I was trying to prove that if $\vert Y \vert \le c$ a.s. then $ \vert E\{Y |G\}\vert \le c$ a.s. also by contradiction.
If I assume $\vert Y \vert \le c$ a.s and $P(\vert E\{Y |G\}\vert > c)>0$ then
$P(\vert E\{Y |G\}\vert > c,c\ge \vert Y \vert)>0$ since $\vert Y \vert \le c$ a.s. and we can conclude that $P(\vert E\{Y |G\}\vert >\vert Y \vert)>0$.

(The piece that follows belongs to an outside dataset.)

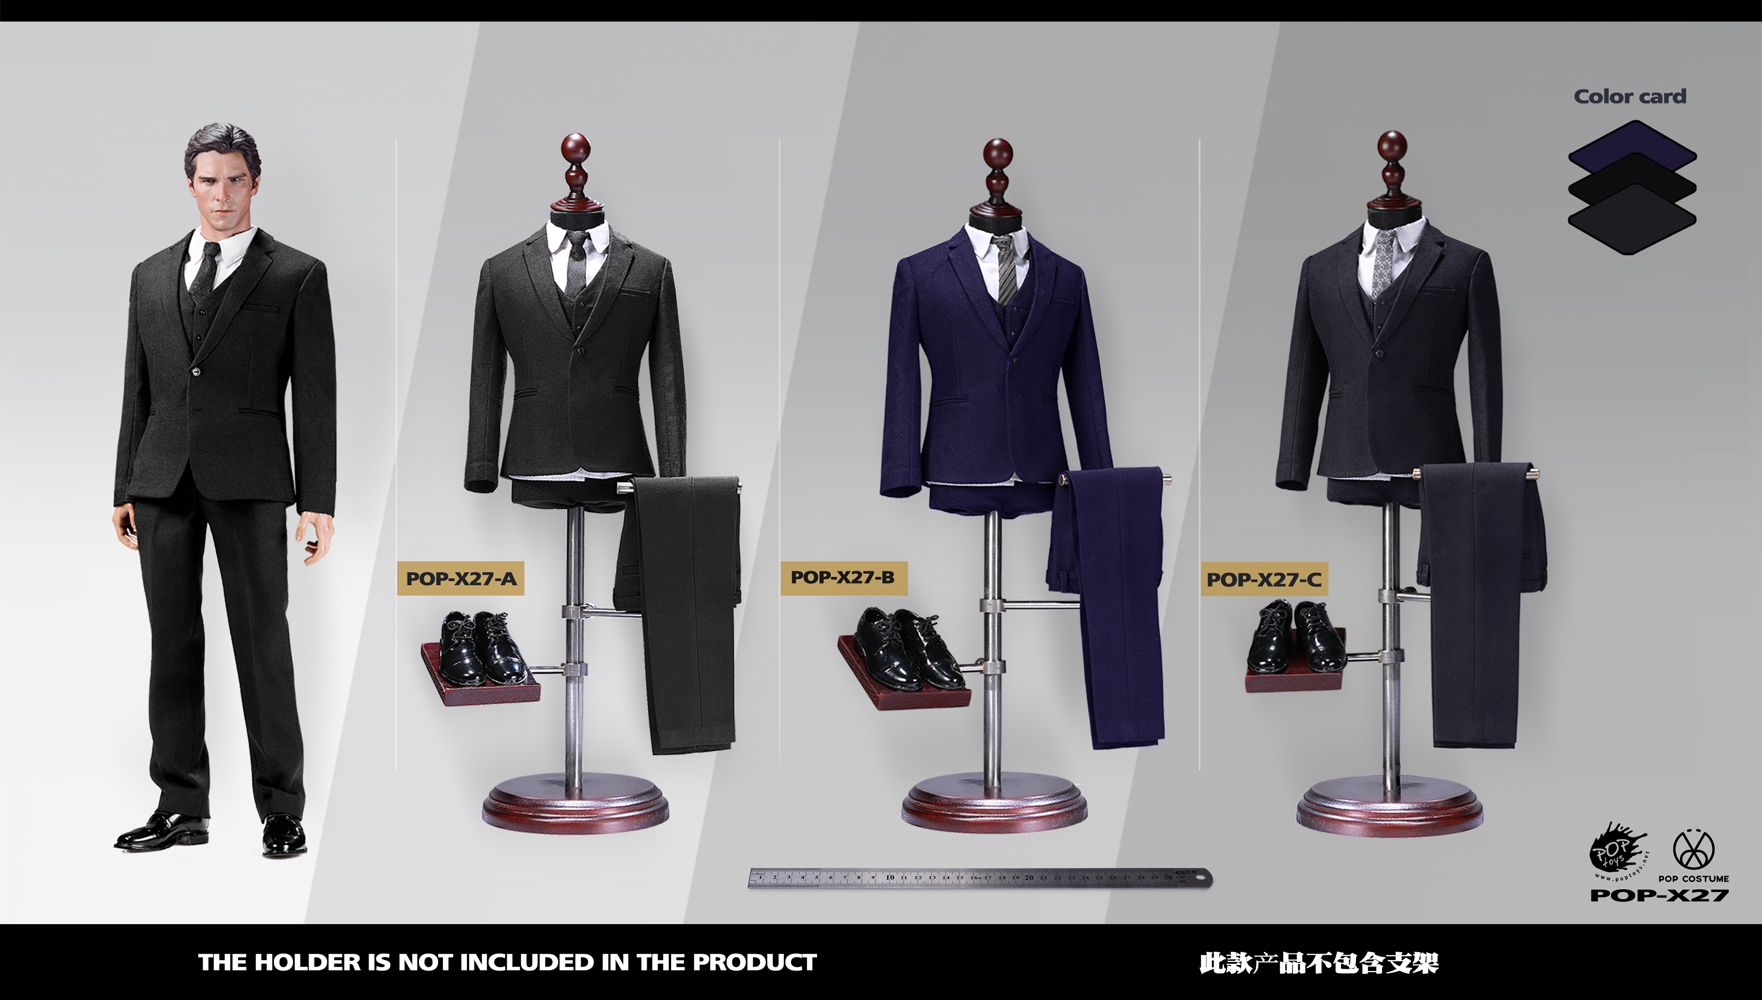 POPTOYS 1 / 6 Advanced customized men's suit set X27 monochrome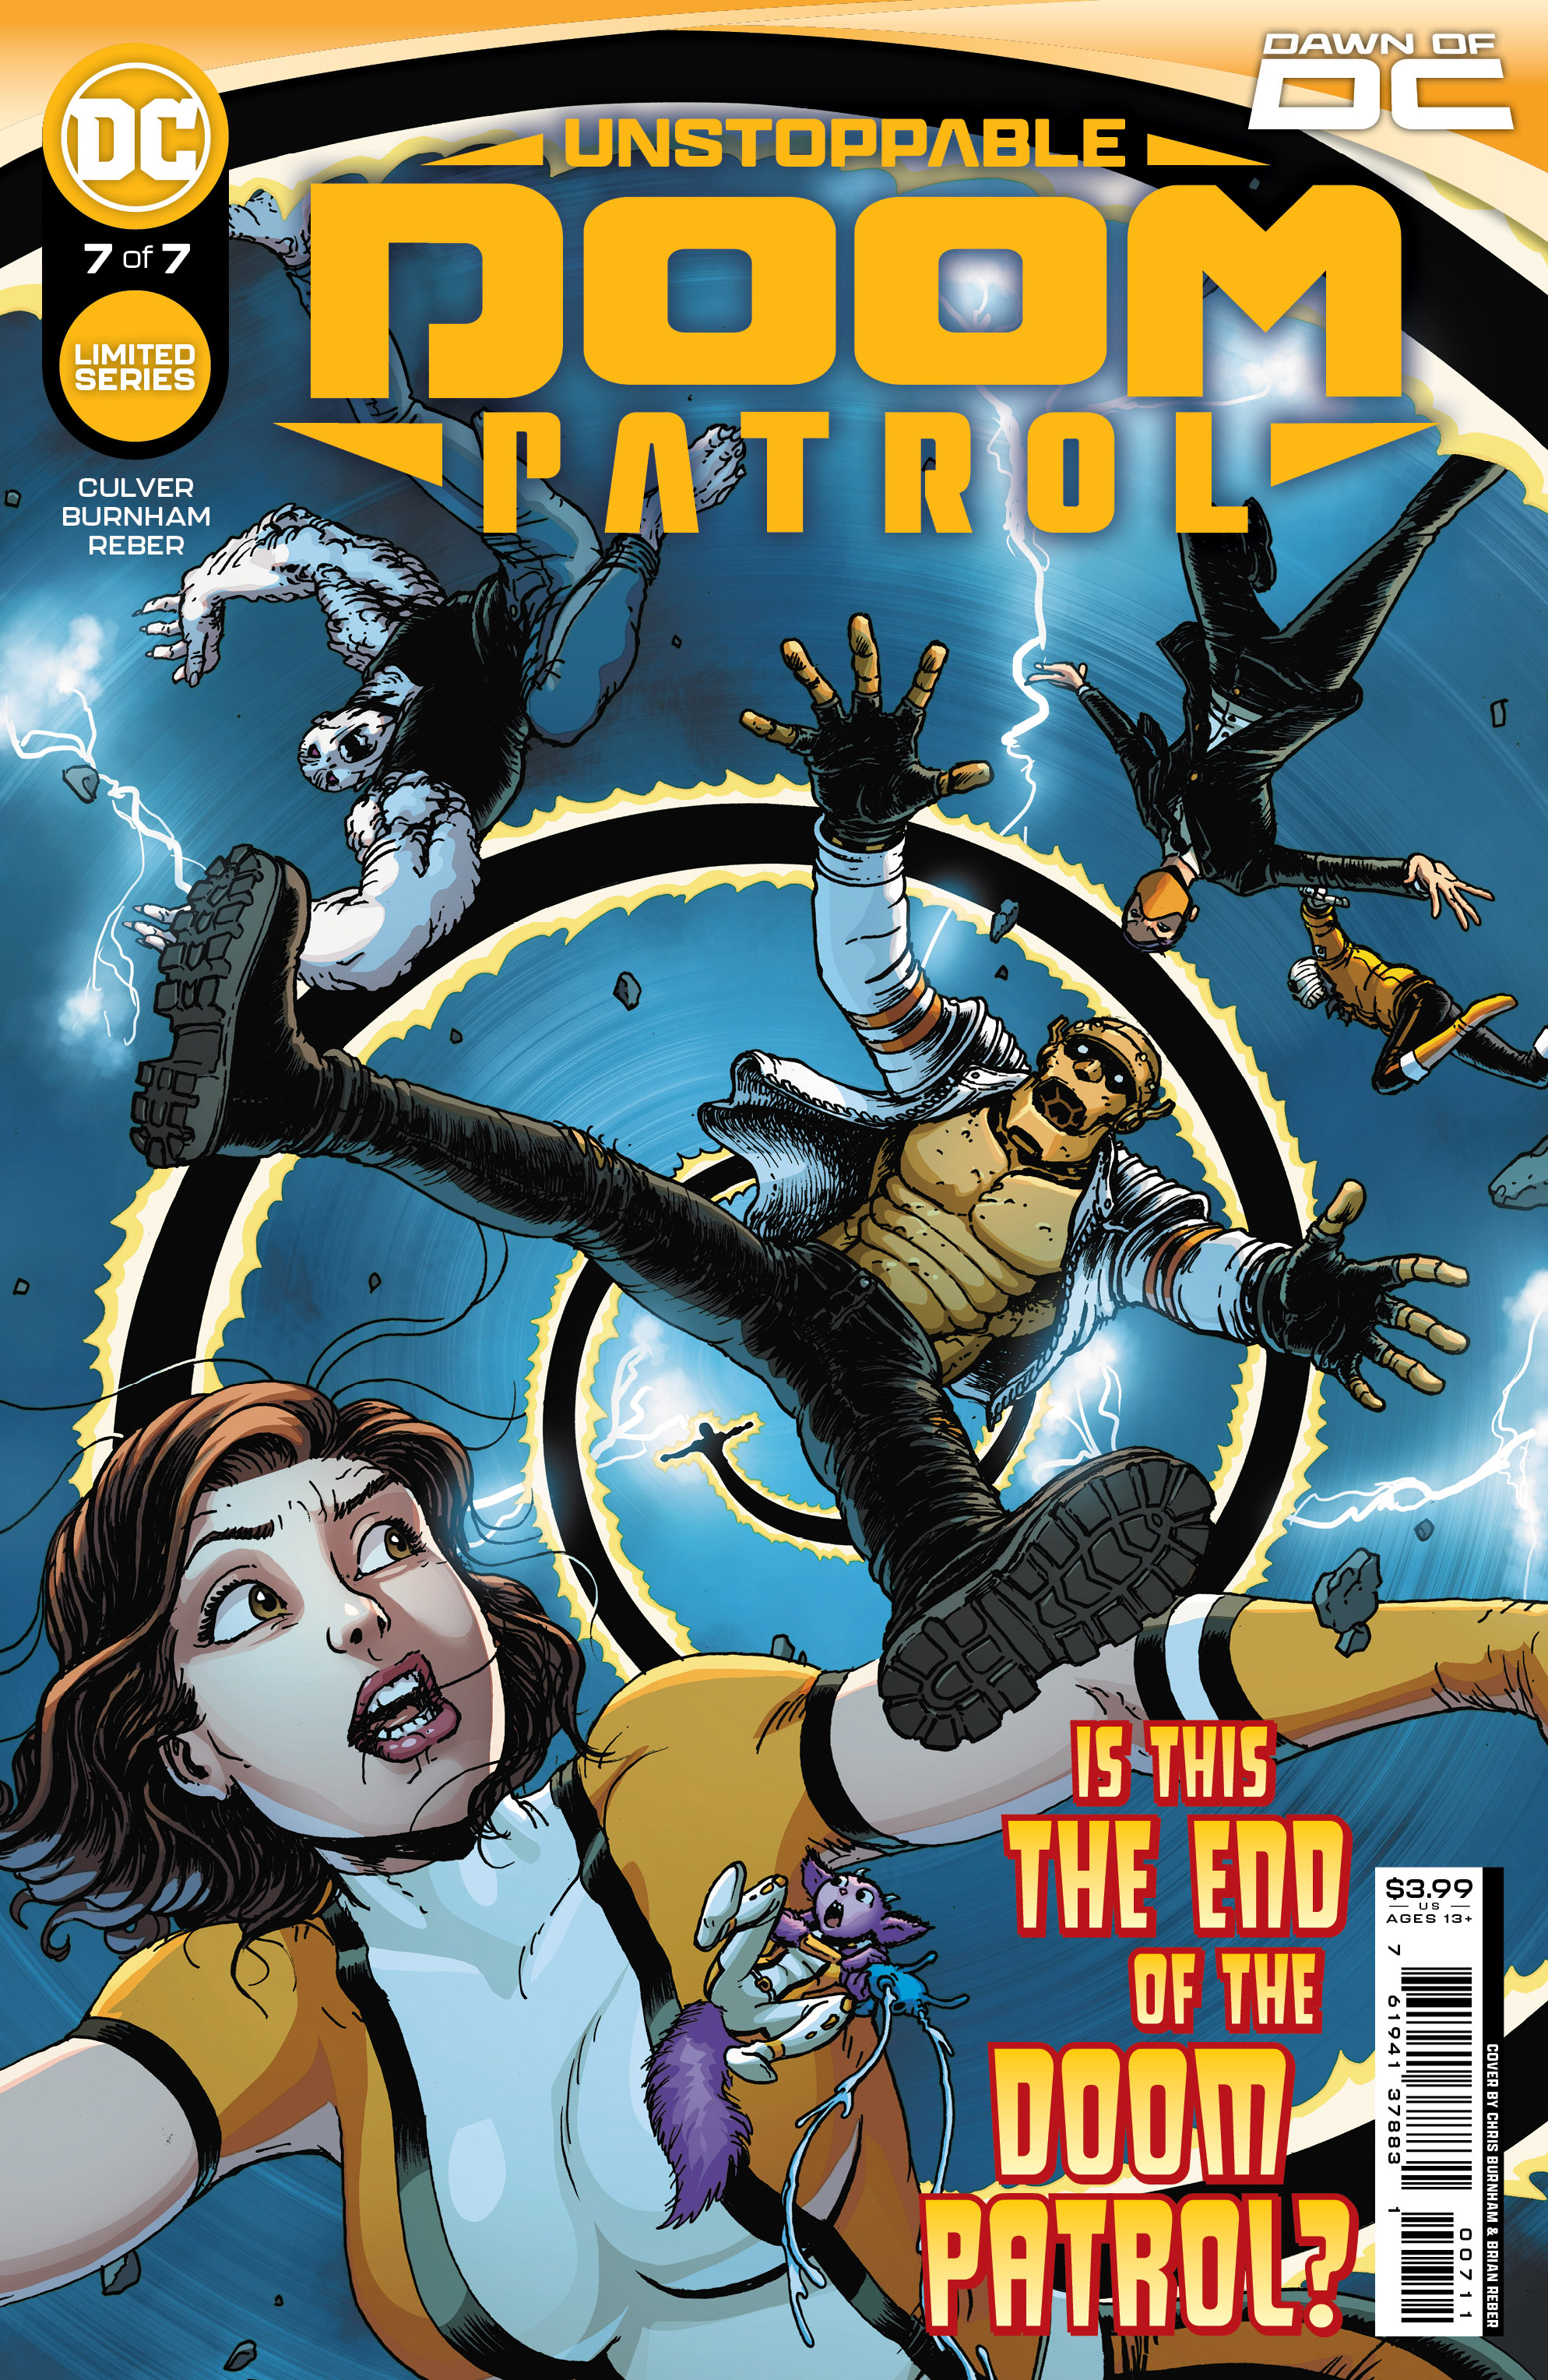 Unstoppable Doom Patrol #7 Cover A Chris Burnham (Of 7)

Another alternate idea that I had was Since conditional expectation E{Y |G} takes the values $E[Y\mathbb{1}_A]$ as $A$ varies in $G$ we can conclude that $Y\mathbb{1}_A \le Y \le \vert Y \vert \le c $ we have that for all $A$ in $G$ we have $E[Y\mathbb{1}_A] \le c$ and hence $\vert E\{Y |G\} \vert \le E\{\vert Y \vert |G\} \le c$
Your argumentgs don't seem rigorous. For a correct proof you have to use the definition of conditional expectation. Let $Z=E[Y|\mathcal G]$. By definition $\int_AZdP=\int_A YdP$ for all $A \in \mathcal G$. Let $A=\{Z >c\}$. If $P(A) >0$ then $c P(A) <\int_A Z dP =\int_A YdP \leq cP(A)$ which is a contradiction. This proves that $P(A)=0$ so $Z \leq c $ a.s.. Similarly $Z >-c$ a.s.